1. One who signs in a trade or assumed name will be liable to the same extent as if he had signed in his
own name. (Sec 18)
2. The principal is bound by the signature of his duly authorized agent (Sec 19)
3 Forgery (Sec 23)
4. Acceptance by the acceptor in a separate paper (Sec 134)
5. Written promise by a person to accept the bill before it is drawn. (Sec 135)

March 3, 2023
Does not affect negotiability – Section 5
1. authorizes the sale of collateral securities in case the instrument be not paid at maturity
Sale of collateral securities will rise upon the instrument is not paid upon its maturity.
Y – Maker
“I promise to pay X or the bearer 500 on or before march 15, 2023. If the instrument is not paid upon
maturity, I also authorized the rise of the mortgage of the car to the payee.”

The collateral security does not affect the negotiability of the instrument

Confession of judgment – is a written acknowledgement by the debtor the amount to be paid if not
paid upon maturity. Void but does not affect negotiability.

Stages in the life of a negotiable instrument

1. Preparation – make sure that the requisites under Sec. 1 is met.


Bills of Exchange, drawer
Promissory note, maker signs

2. Issue – first delivery of the instrument to the payee; there must be a transfer of physical
possession and an intention on the part of drawer to transfer the title to the instrument – to the
holder.

3. Negotiation – Sec. 30; transfer from one person to another so as to constitute the transferee a
holder; if it is an order then endorsement

UMALI (drawer) -> Embile (Holder 1) = Issuance


Embile (endorser) -> Soriano (Holder 2) = Negotiation order instrument – endorse and deliver
 “Pay to Soriano or Order + Signed Embile
Soriano (endorser) -> Escabusa (Holder 3) =
 Upon Maturity, Soriano refuse to accept, Escabusa can go after Umali.
 Holder in Due Course – check under sec. 52; rights – sec. 57; personal defenses cannot
be put up against HIDC. HIDC can enforce the instrument to all parties primarily and
secondarily liable to the instrument.
 If HIDC failure of consideration, a personal defense, cannot be put up against escabusa
Escabusa -> Rongcales (drawee)

4. Presentment for Acceptance – presentment for acceptance to the drawee; if not done, the holder
cannot go after the secondary persons liable. (Sec. 143, 144); drawee has 24 hours to accept the BIE
 Drawee accepts the BIE; drawee becomes acceptor, is now primarily liable
 Drawee refuses the BIE;
 Even if accepted, the drawee fails to signify his acceptance = dishonored (Sec. 150)
Once dishonor, undertake dishonor proceedings – go after primarily liable (Umali) or the ones
secondarily liable (indorsers)

5. Presentment of Payment – the instrument is shown to the maker or drawee / acceptor for him to pay
(Sec. 70)
 Payable upon demand – presentment within a reasonable time after its issue or after
the last negotiation of the instrument; present to the one primarily liable
 Payable upon date of maturity
Rongcales (now primarily liable) accepted BIE from Escabusa – upon maturity, Rongcales refused the
payment of the BIE; hence, BIE dishonor for nonpayment -> then escabusa can go after secondarily liable
(Umali) as long as escabusa serves notices of dishonor to the endorsers/drawer.

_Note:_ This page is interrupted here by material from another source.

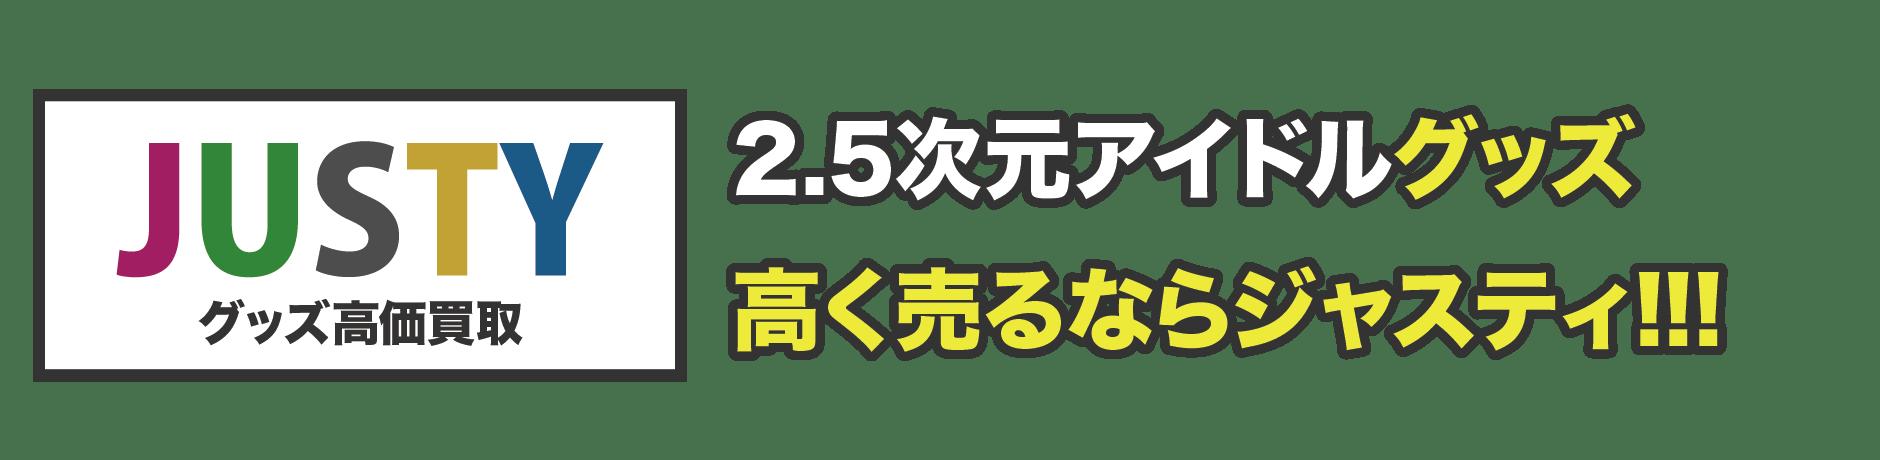 2.5次元アイドル・声優グッズ

5. Discharge – once Umali pays escabusa the amount, it releases all the persons liable from the
obligation

Payable on Demand – Sec. 7

Chu executed promissory note to pay x or order 100,000 on or before March 15, 2023. X endorsed
the instrument to Y on March 12, 2023. Y endorsed the instrument to Z on March 16, 2023. Z
endorsed to A.

Y, Z, A – payable on demand
Chu – March 15, 2023

Payable on determinable time – Sec. 4

A promise to pay B or order the sum of 500,000 on or before the 15 days after the death of his cat –
still determinable since the word “on” the date of the death.

Can a payee be the drawer to the instrument? Of the BOE.

Pay to the order of Y 20,000.


Signed Y

Drawee and the payee is the same person.